Hi,
The question is related to the two older questions.
The matrix-matrix multiplication likes
do e=1,nel
do k=1,n
do j=1,n
do i=1,n
tmp = 0.
do l=1,n
tmp = tmp + D(i,l)*u(l,j,k,e)+D(j,l)*v(i,l,k,e)+D(k,l)*w(i,j,l,e)
enddo
m(i,j,k,e) = tmp
enddo
enddo
enddo
enddo
where typically n=4-16 and nel=10-1000. We can only obtain around maximum 20G FLOPS using pgi compilers on Tesla k20x for n=16 and nel=400.
!$acc kernels
!$acc loop gang
671: do e=1,nel
!$acc loop gang vector
673: do k=1,n
!$acc loop vector
675: do j=1,n
677: do i=1,n
tmp = 0.
679: do l=1,n
tmp = tmp + D(i,l)*u(l,j,k,e)+D(j,l)*v(i,l,k,e)+D(k,l)*w(i,j,l,e)
enddo
m(i,j,k,e) = tmp
enddo
enddo
enddo
enddo
!$acc end kernels
- In that case, should “reduction” be added on the inner-loop ?

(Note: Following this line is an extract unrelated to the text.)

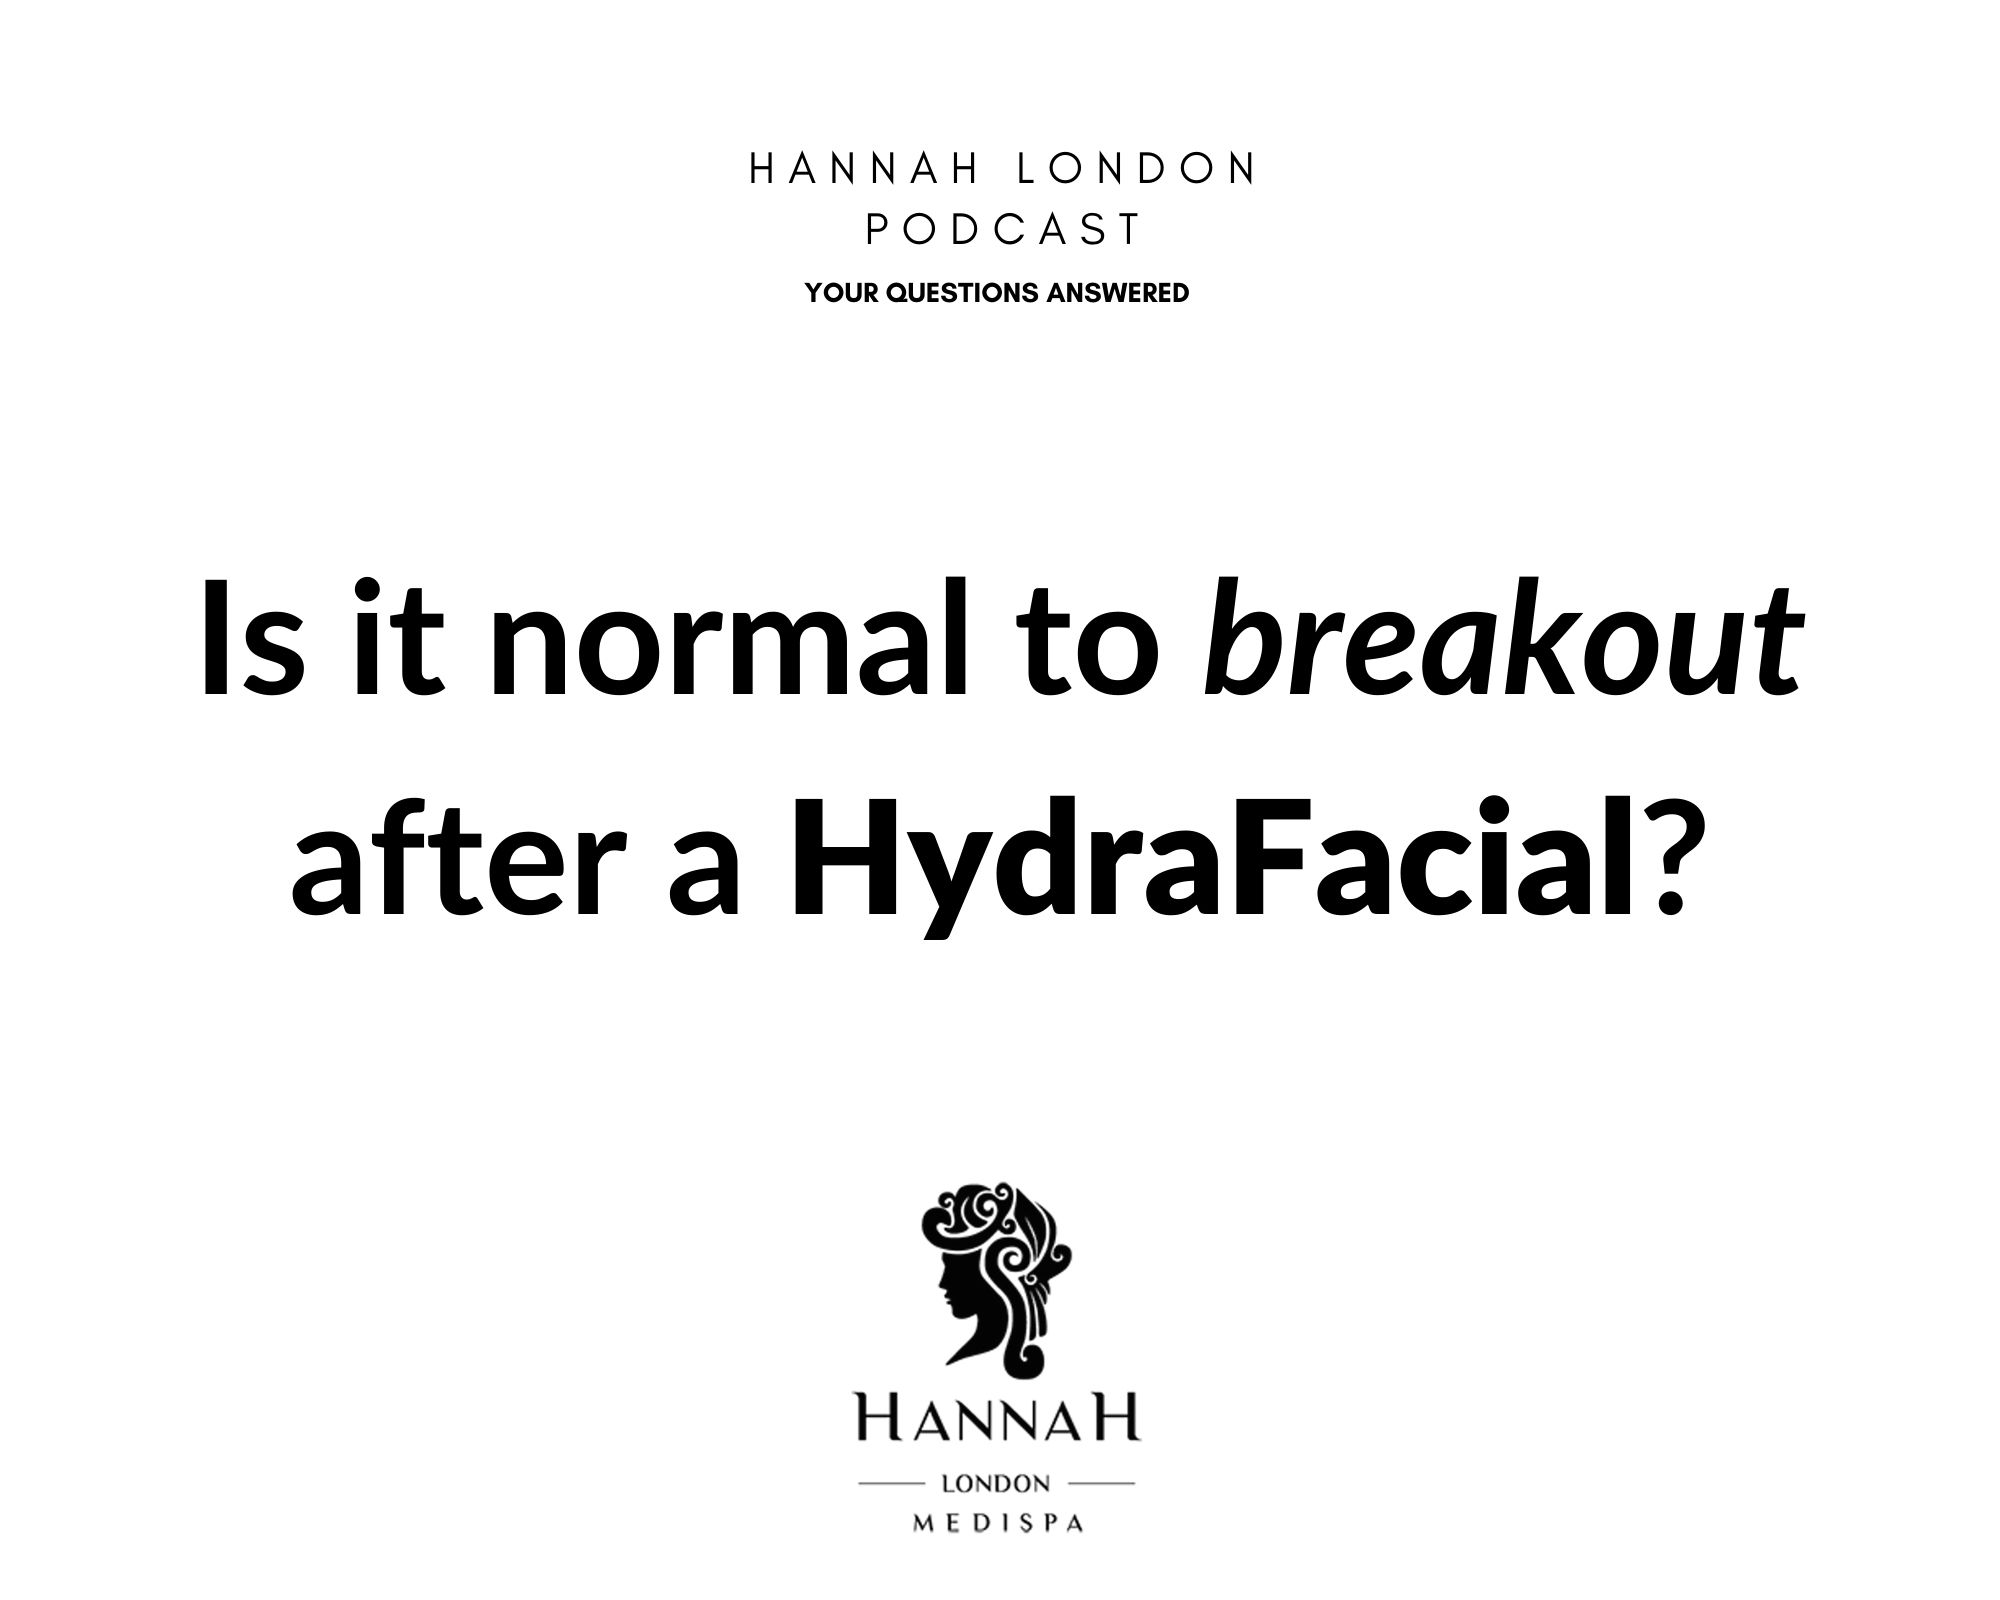 Is it normal to breakout after a HydraFacial?

!$ACC LOOP REDUCTION(+:tmp)
do l=1,n ! serial loop, no reductio
Even the reduction is added, the loop “do l=1,n” still is parallelized
…
671, Loop is parallelizable
673, Loop is parallelizable
675, Loop is parallelizable
677, Loop is parallelizable
679, Loop is parallelizable
…
(but performance reduced from 20G to 13G FLOGS)

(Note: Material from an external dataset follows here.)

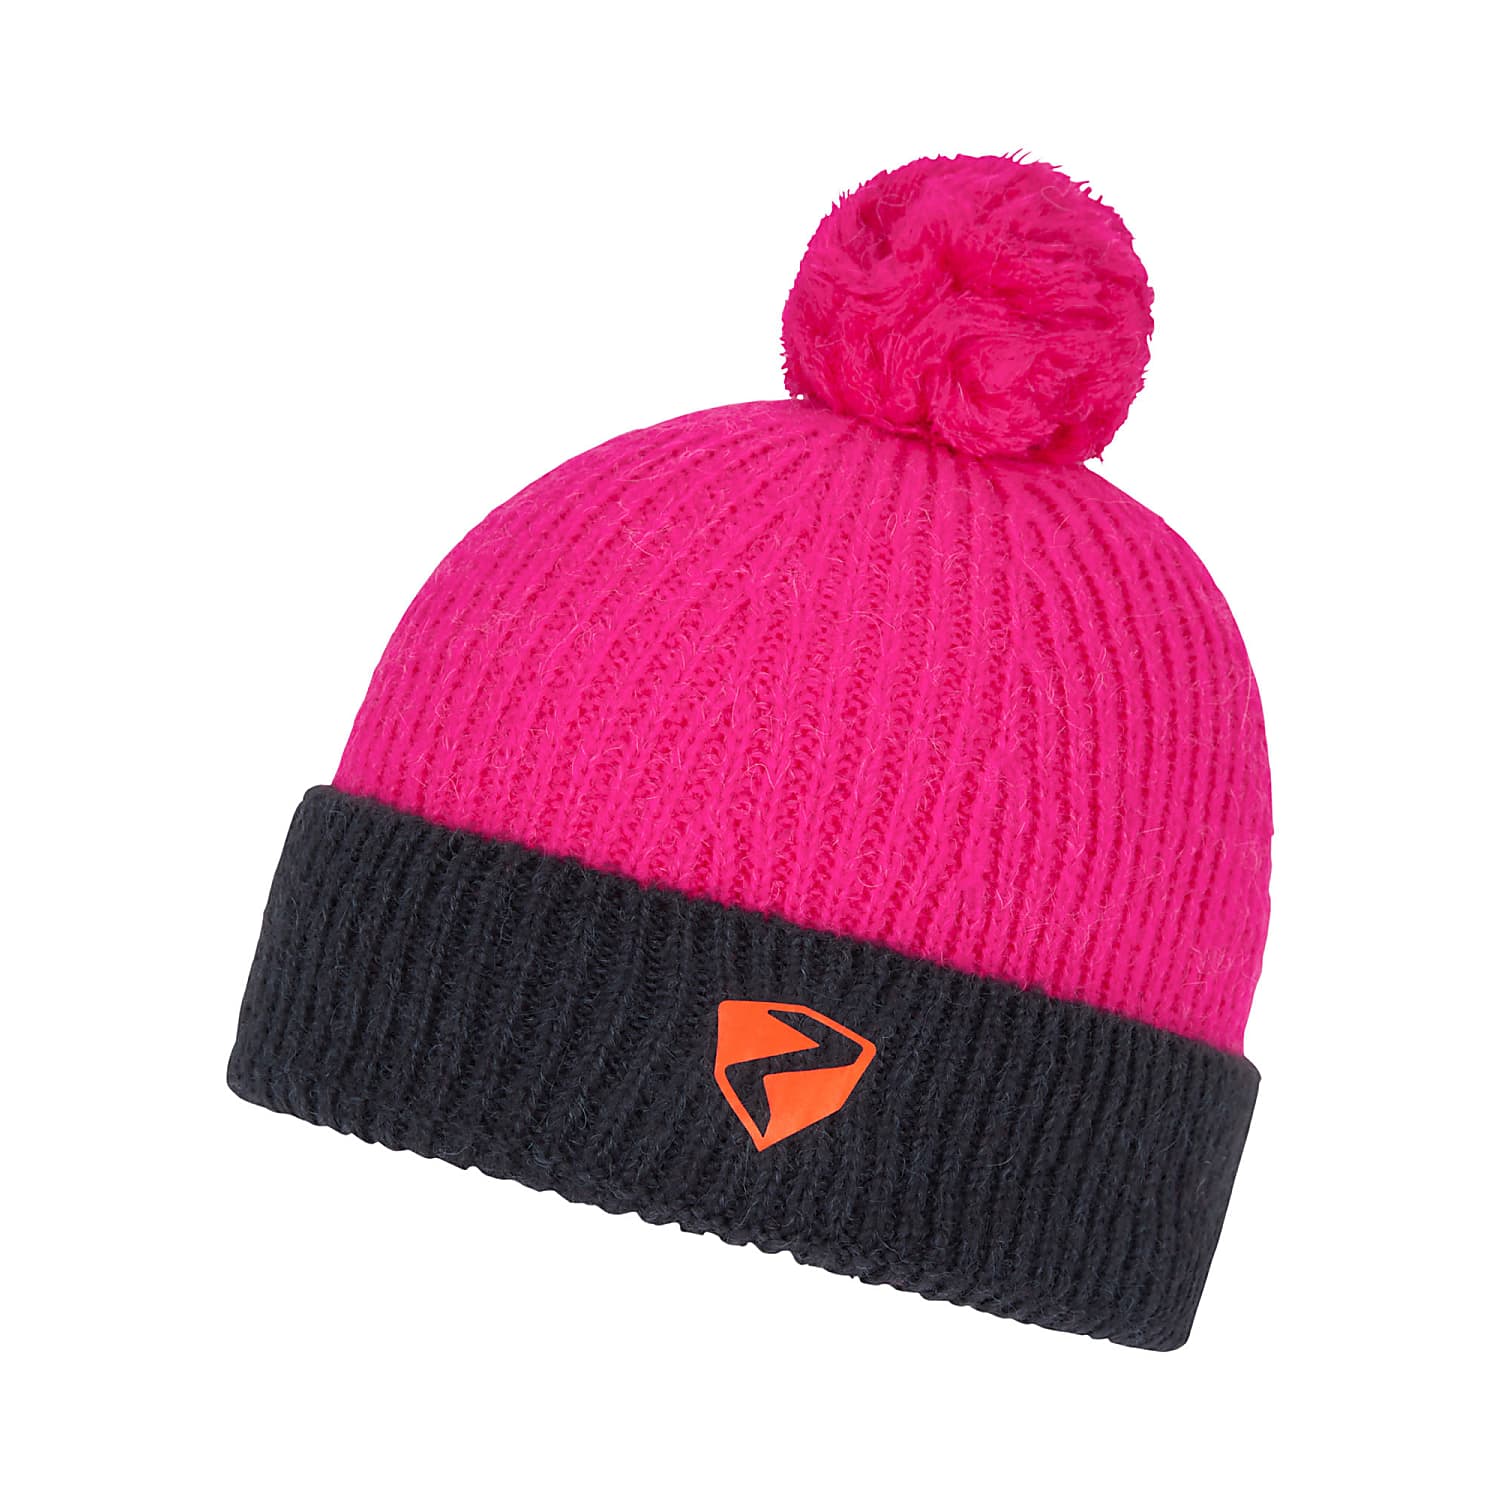 Ziener JUNIOR IKEN HAT (PREVIOUS MODEL), Bright Pink - Fast and cheap  shipping

2) The performance for the kernels on a Fermi GPU was obtained around 23G. Is there any way to improve the performance on K20x ? I have used the compiler flag (-ta=nvidia,5.0) and other openacc implementation have been tested, such as
!$acc kernels
do ;
do; do;
...
!$acc parallel loop collapse(4)
do;
do, do
but cannot obtain better performance.
Thanks for your assistance.
/Jing